Information Extraction document set for OpenAI model. Contains invoice test samples

IE_HTML_LOAN_OPENAI_SAMPLE

Information Extraction document set for OpenAI model. Contains load agreement test samples

HTML IE Invoice

Invoice information extraction document type. Defines the entities to be extracted from invoices.

HTML IE Loan Agreement OpenAI Sample

Loan Agreement information extraction document type. Defines the entities to be extracted from loan agreements.

HTML Information Extraction Task

Information Extraction human task type. Defines the task input form in the Workspace

html_ie_invoice_model-1.2.tar

Information Extraction IE model

ml_iehtml_openai_model.tar

Information Extraction IE OpenAI model

storage/data

Folder that contains documents to be uploaded in File Storage

Configuration Parameters for IeHTML Sample Automation Process:

Key

Default Value

Description

inputFolder

iehtml_sample/input

File Storage folder where input documents are stored.

fileFilter

.*\.html

Regular expression for files to select.

configuration

{
  "DEFAULT": {

   "dataStore": "IE_HTML_SAMPLE_DOCUMENTS",
    "documentType": "HTML IE Sample",
    "model": "html_ie_invoice_model",
    "runModel": "html_ie_invoice_model,1.2",
    "storagePath": "iehtml_sample",
    "exportDocumentSet": "IE_HTML_SAMPLE",
    "bucket": "data"
  }

dataStore - the datastore name where to store input documents

documentType - the document type name to use for classification.

runModel - the model name and version to run

storagePath - the document path on a storage to use

Json parameter that provides mapping of document types and corresponding ML models and contains model name, model version and document type name of each model. 

Included Steps

Step 1. Ingest Documents

RPA bot extracts documents from the dedicated folder in File Storage.

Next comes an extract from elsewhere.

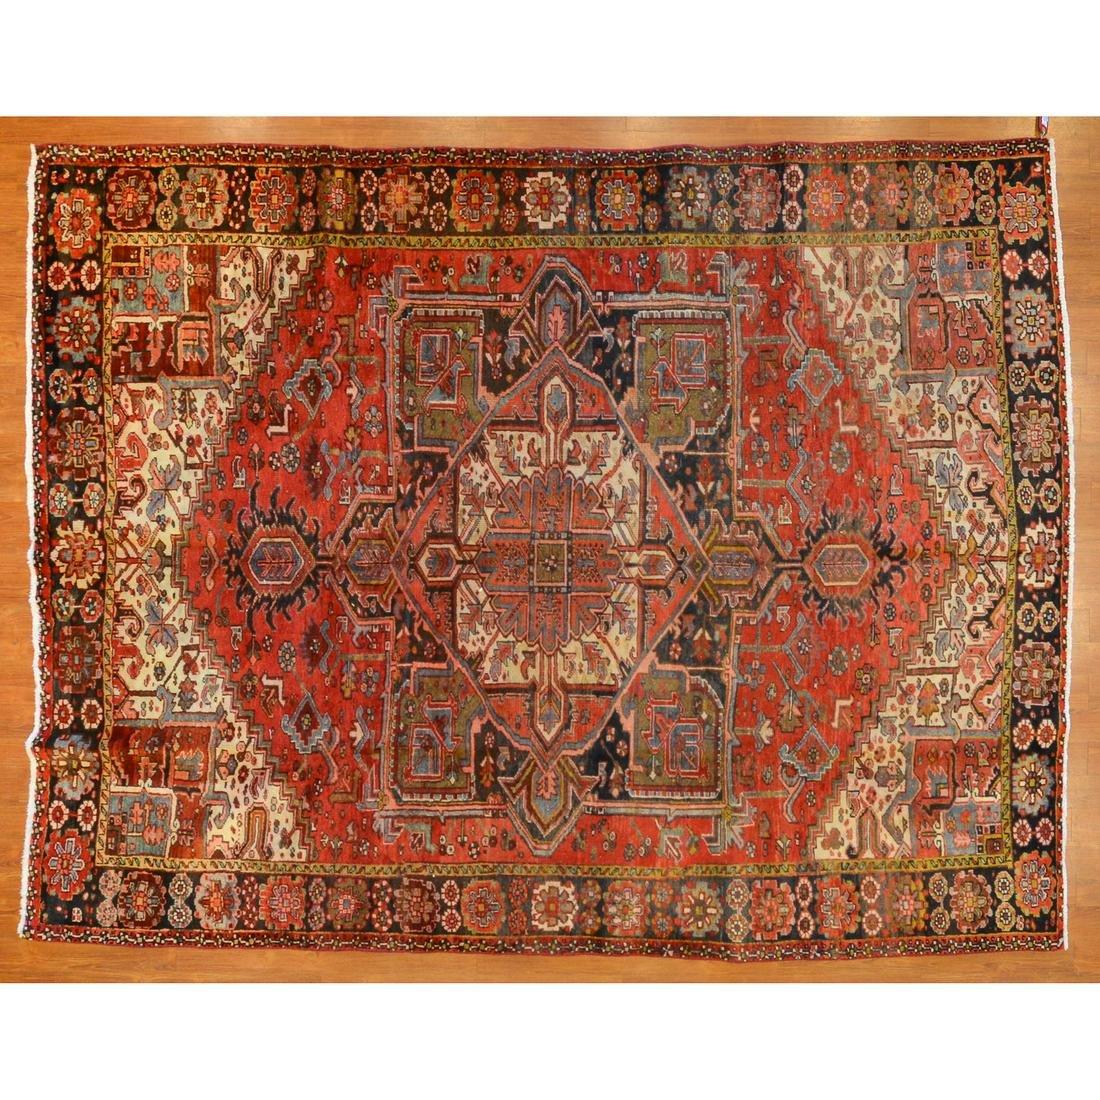 Gorevan Heriz Rug, Persia, 7.11 x 10.3

It compiles a list of documents to be processed. The status of the document which has just been extracted for processing is 'NEW'.

When a list of documents has been generated RPA bot prepares batches of documents for processing. The number of documents in a batch is determined by the configuration parameter batchSize.

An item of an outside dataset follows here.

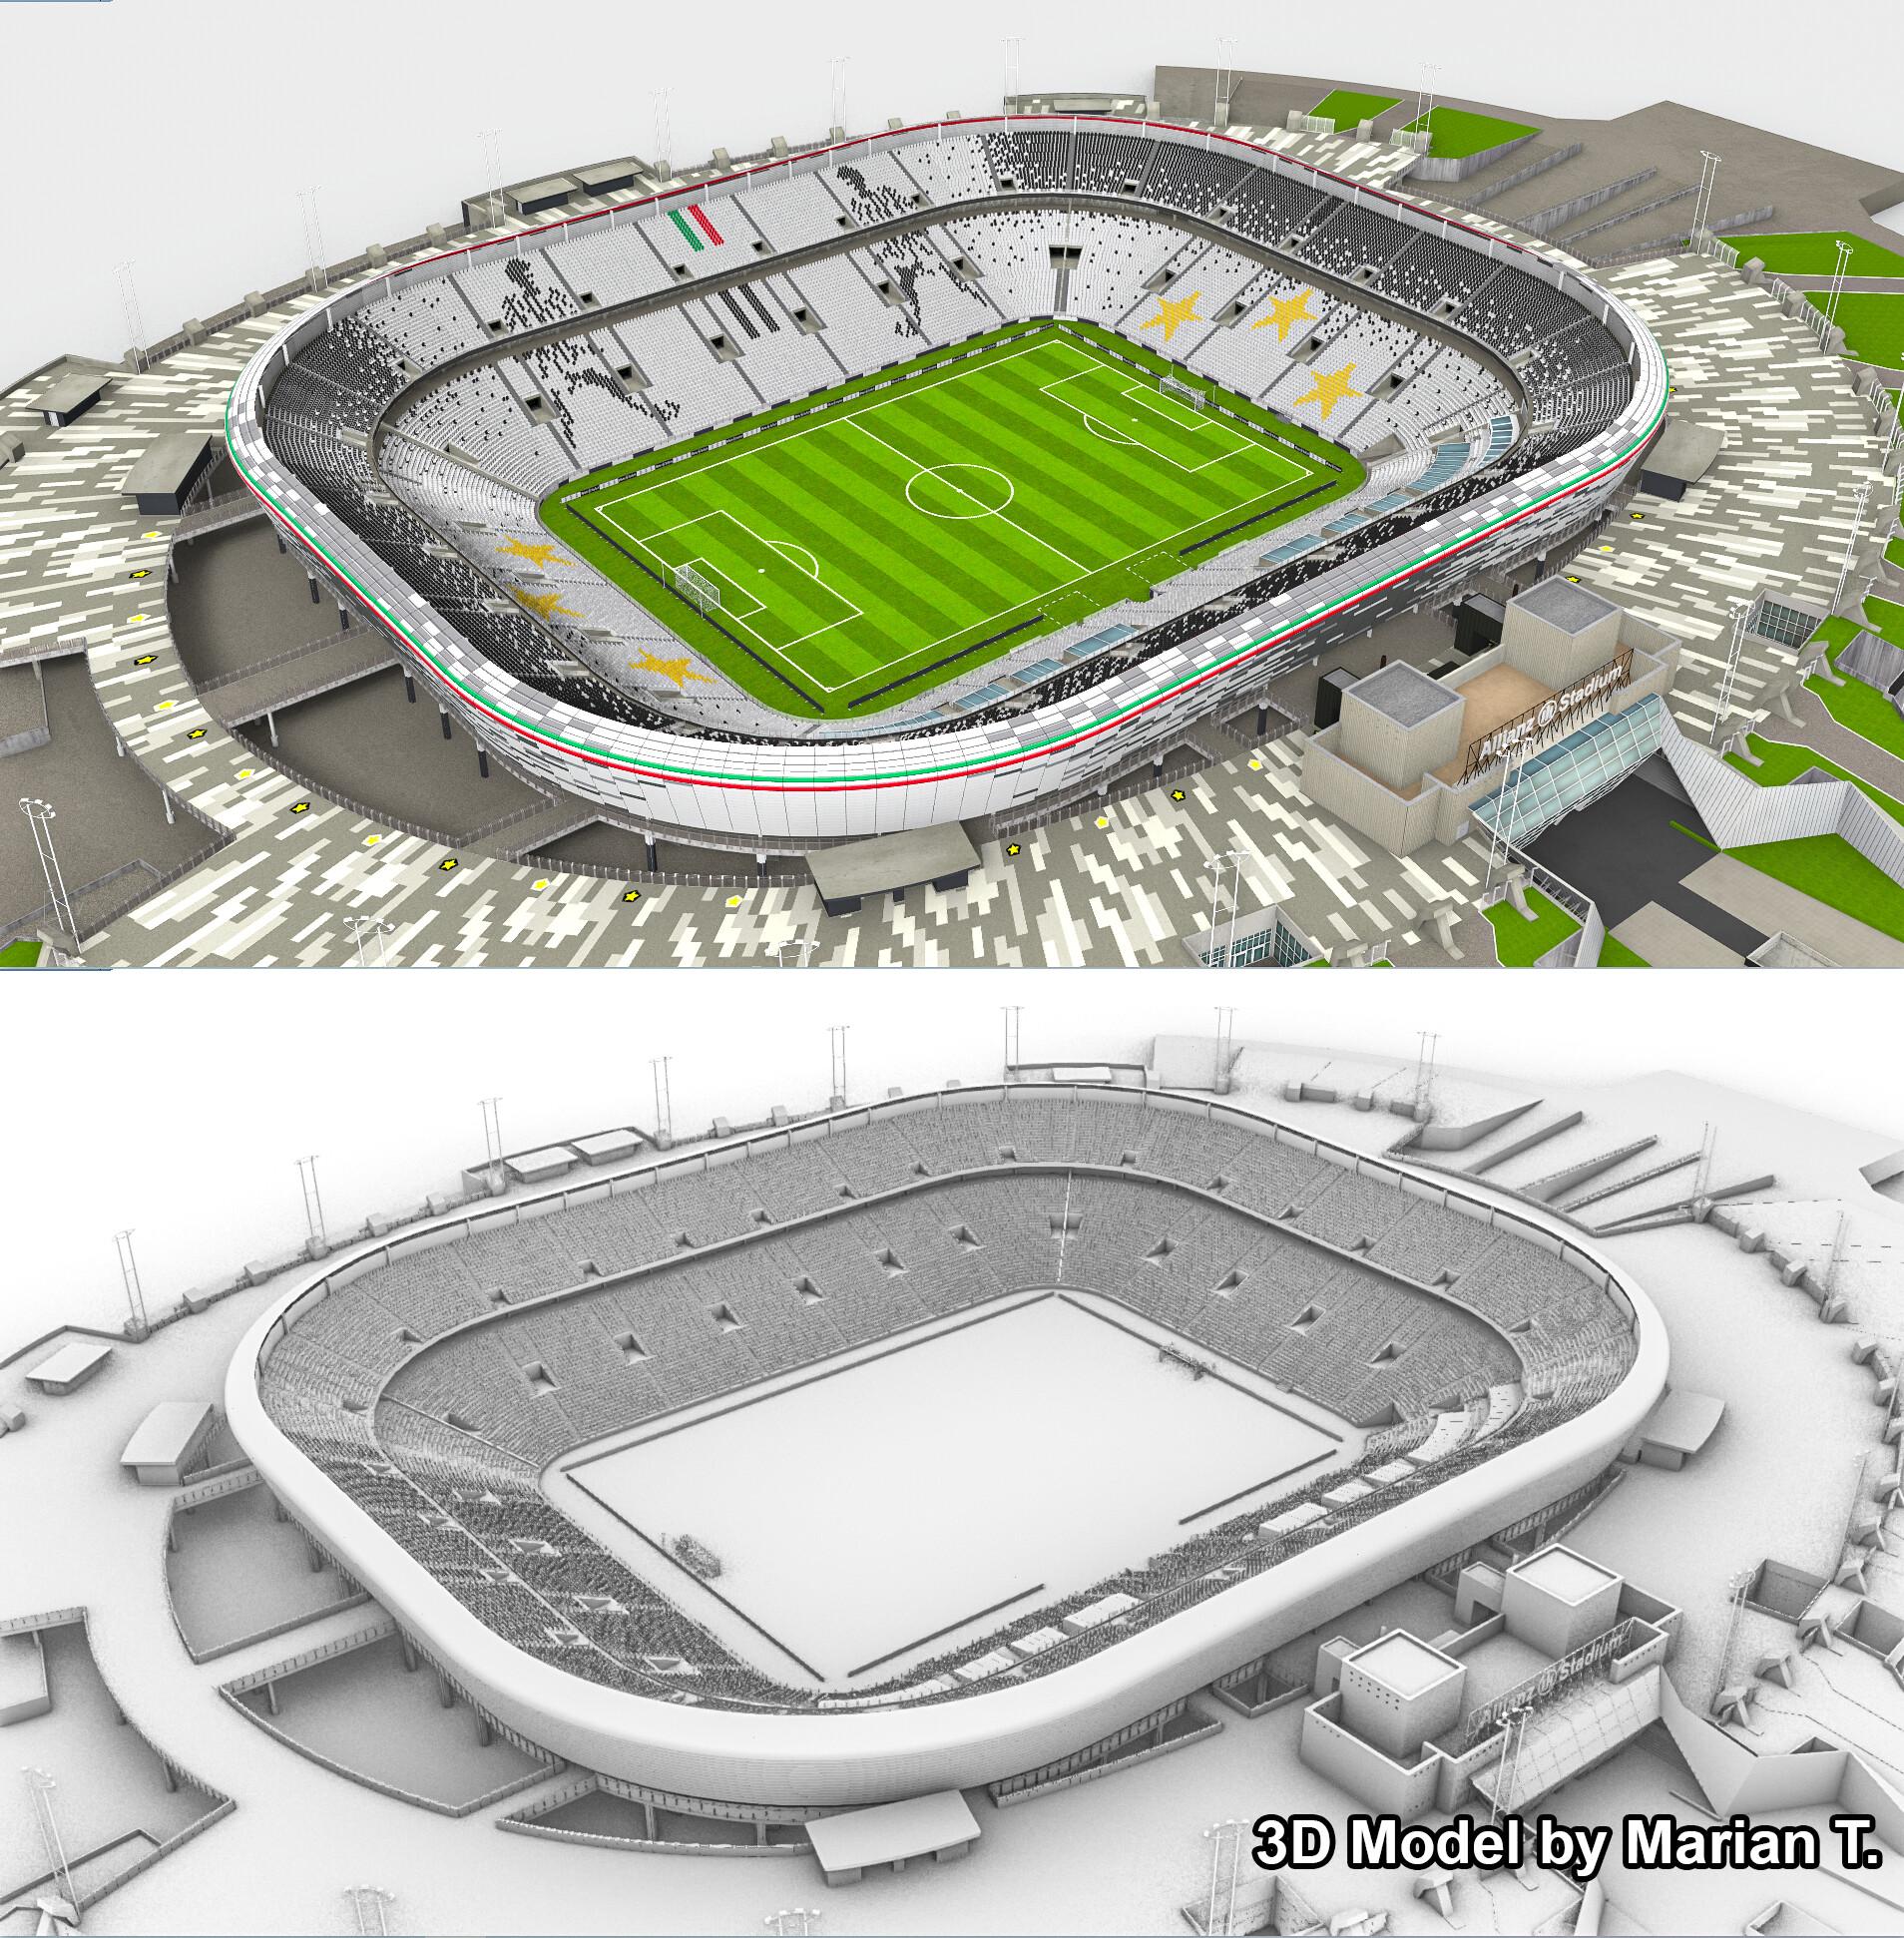 Marian T Allianz Stadium Juventus 3d Model

After this step a separate workflow of RPA and ML tasks is created for each document.

Step 2. Prepare Documents

On this step input data for ML model execution is prepared. Files created as a result of the original document processing are saved to the same iehtml_sample File Storage folder where the original document is stored.

Step 3. Extract Data

The ML Information Extraction model is employed to extract the specific fields from HTML invoice order documents.

Step 4. Verify Extracted Data

This step enables human verification and corrections to ensure accuracy of data extracted. After the relevant business entities have been extracted from a document, a human task is created and needs to be completed in Workspace. It contains ML Information Extraction model output that humans can review, validate and correct.